Debbie Petitt, wife, mother of four & grandmother of one
In the first reading, the Prophet Joel proclaims that this is the time to individually and communally come together to not only be mindful of our offenses against the Lord, but to also fast and be repentant.
What struck me immediately was the second sentence where the Lord says, “Return to me with all your heart.” Though baptized Catholic, I was raised in a home without faith. I lived my life into adulthood rarely thinking of God. Then, in August of 2000, my fifteen year old daughter was diagnosed with ovarian cancer. I felt helpless, and didn’t know were to turn. Somehow I ended up in a women’s CRHP retreat. It was there that I awoke to the loving presence of God in my life. It was the beginning of my faith journey.
I let the Holy Spirit guide me and said, “Yes”, to every invitation that God gave me. I joined retreats, classes and committees in our parish. A change began to come over me. I felt peaceful, confident, and happy. My heart was so full, I thought it would burst. God was the center of my life. Since then I have strayed from my faith a few times, but never so much as in the past couple of years. I began to drift away and fill myself with other things that I felt were important. A couple of months ago, I found myself feeling, irritable, unhappy and depressed. My heart was empty. People began to call me and ask me where I’d been, they said they hadn’t seen me around St. Raymond’s for awhile. I made up excuses, but in my heart I knew what I had to do. I prayed to God and asked for his forgiveness. I promised to surrender and asked for the strength to follow his will for me. A couple of days later, I received a letter from St. Raymond’s asking me if I’d be willing to write a reflection for the one of the daily scripture readings during Lent.
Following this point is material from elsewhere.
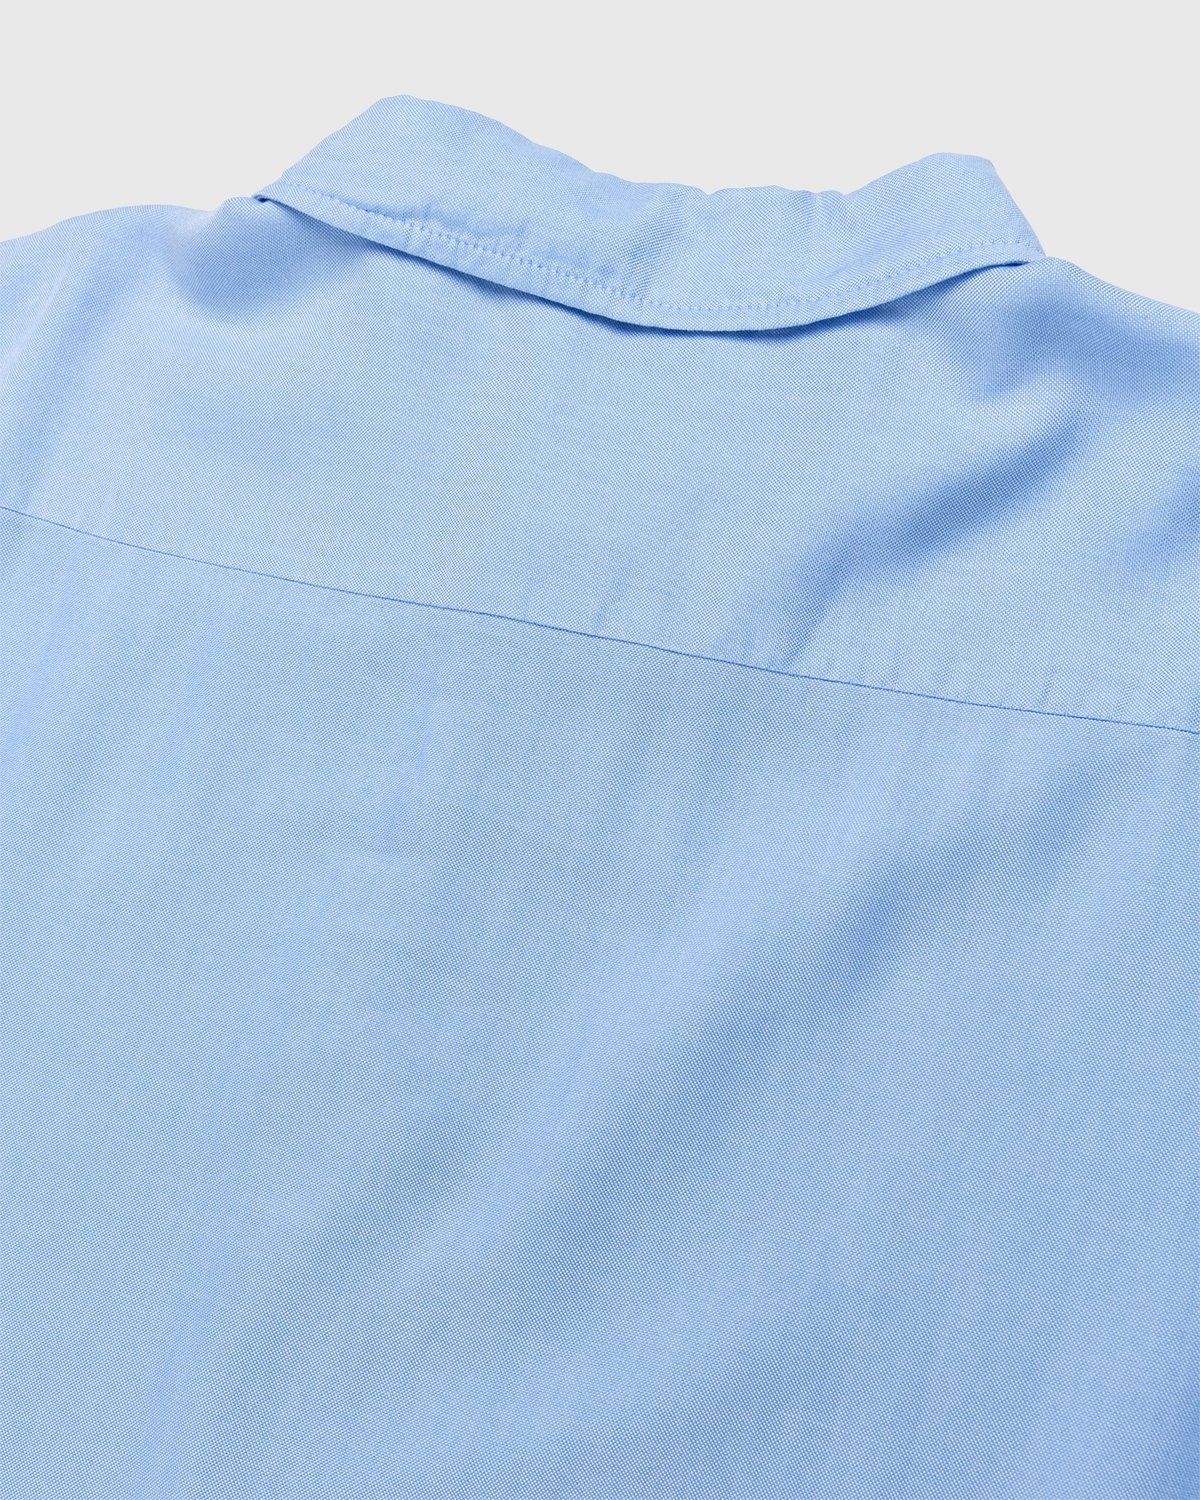 Acne Studios – Classic Monogram Button-Up Shirt Light Blue - Shirts - Blue - Image 3

When I read the first reading, I began to cry. I knew that it was meant for me to reflect on. God was answering my prayer and asking me to return to him. Since then, I have helped with the recent CRHP weekend and gone back to Mass. My heart is beginning to fill again, and I know that if I keep my life God centered, and continue to say, “Yes,” I will once again feel the power of the Holy Spirit working in my life.
Though we may stray many times on our faith journeys, it is always comforting to know that God always forgives us, gives us yet another chance and welcomes us back with his unconditional and steadfast love.